Biomass Woodchip from forestry

Ireland’s climate conditions are ideal for forestry sustainable growth

Fast Growing Commercial Forests

Irelands climate supports fast growing forests, Pine/Sitka 20-30 years & Willow 4 -10 years, due to its mild Atlantic climate. There is also a substantial amount of underutilized Biomass & Forest harvest residues that currently is not realising a return to farmers but meets the supply requirements of Carbon Soles Biomass Woodchip Gasification plants.

This project will remove excess woody forest material in order to provide renewable energy, thereby resulting in reduced fire risk, watershed protection, air quality benefits, greenhouse gas benefits, local jobs, and forest ecosystem protection.

Private Forestry owners mainly rely on market prices for

  • Saw Log timber followed by Pallet wood, Stake wood and pulp wood
  • Pulp wood is largely sold to board mills and is used for small grate type biomass boilers
  • The vast majority of Forest Waste and Harvest Residues is not suitable for small wood chip boilers and is left to rot on the ground. When gathered and piled on harvest, it will increase returns to the farmer.
  • On average 10 Hectares of clear fell produces 700 ton of harvest residues (branches, tops, stumps).
  • When clear fell takes place the farmer now has an immediate outlet for harvest residues resulting in a reduction in the time to replant, reducing the impact of beetle larvae on new plantations and increasing the return per hectare.

Plant Locations

Carbon Sole Plants were purposely located central to the highest density forested areas, with an objective of meeting each Plants biomass requirements from within 100km radius to limit haulage costs and the supply chain carbon footprint.

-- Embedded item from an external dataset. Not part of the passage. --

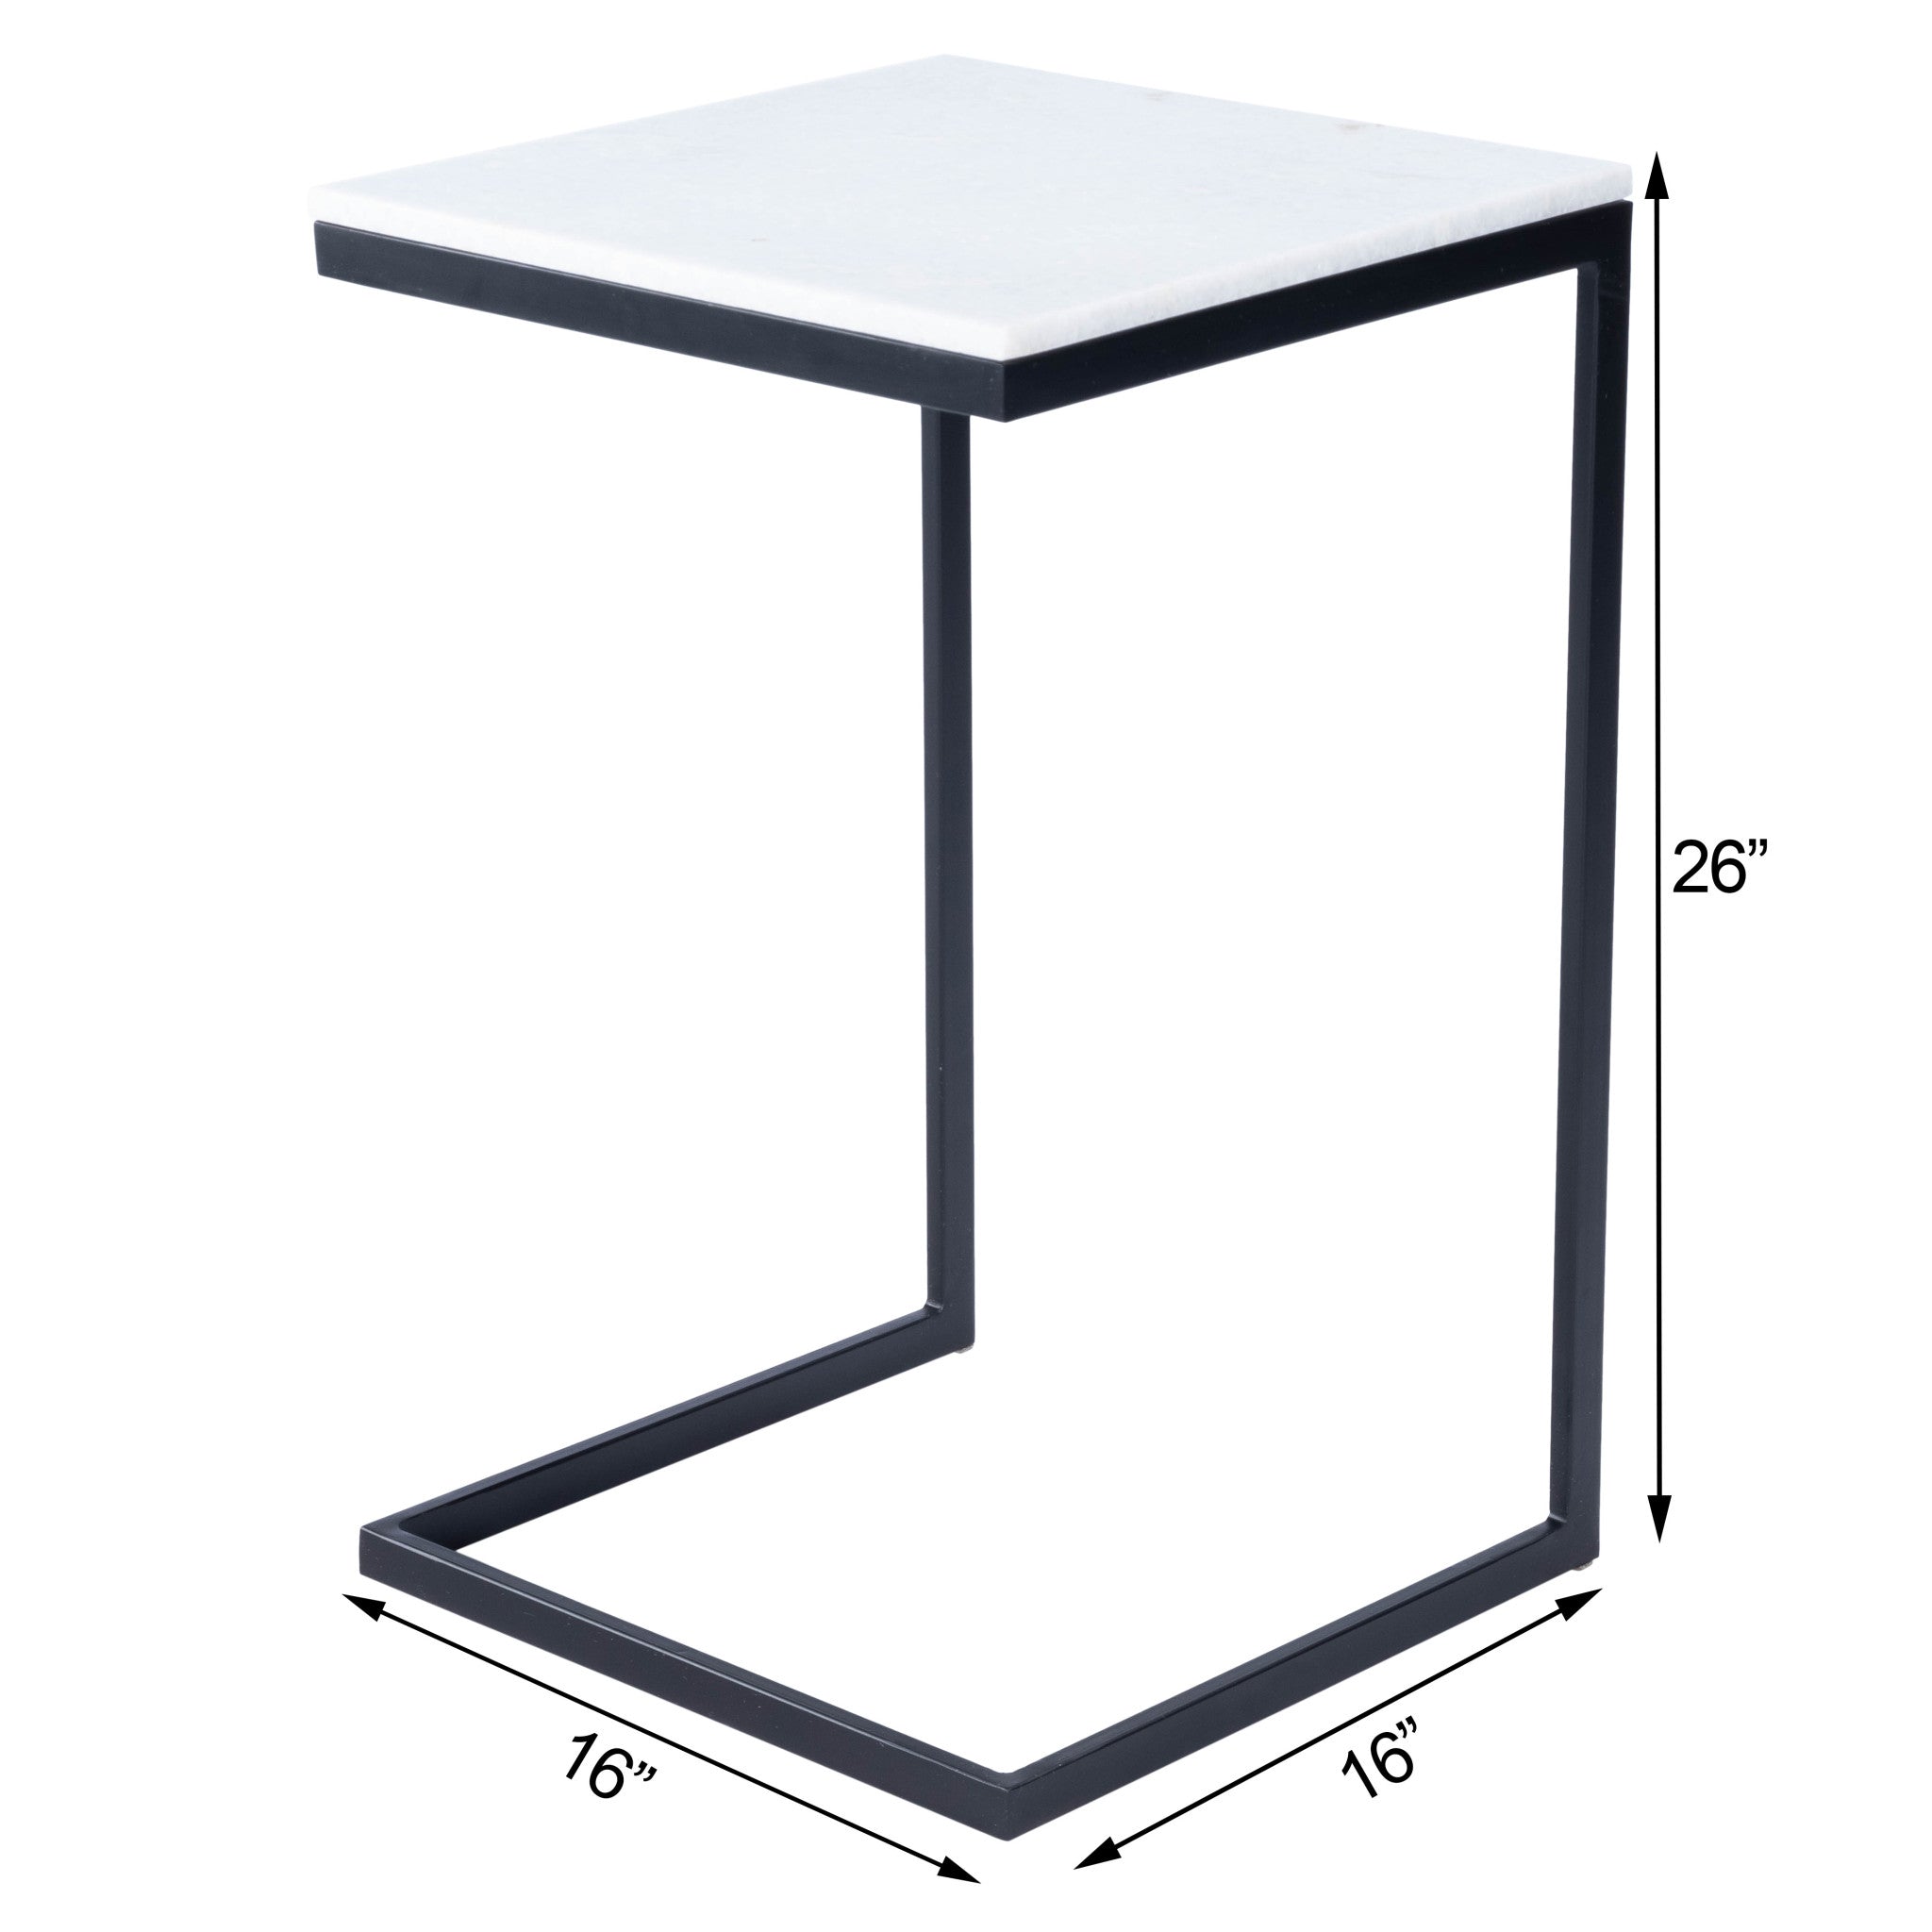 26" Black and White Marble Square C Shape End Table

Each Plant requires 280,000MWh of Biomass per annum, approximately 120,000 green wet tonnes that is dried down to 70,000 dry tonnes.

Woodchip Gasification

Carbon Soles assessment of available biomass resources has resulted in the company commissioning a woodchip gasification system that can effectively and cleanly process harvest residues and forest waste such as forest thinning’s, tree tops, branches, stumps and pulp wood supplied as wood chips.

The process involves essentially ‘baking’ the woodchip, thermally cracking it in an enclosed system to produce a rich syngas, a biogas, that is further upgraded and distributed off-site, as it is produced.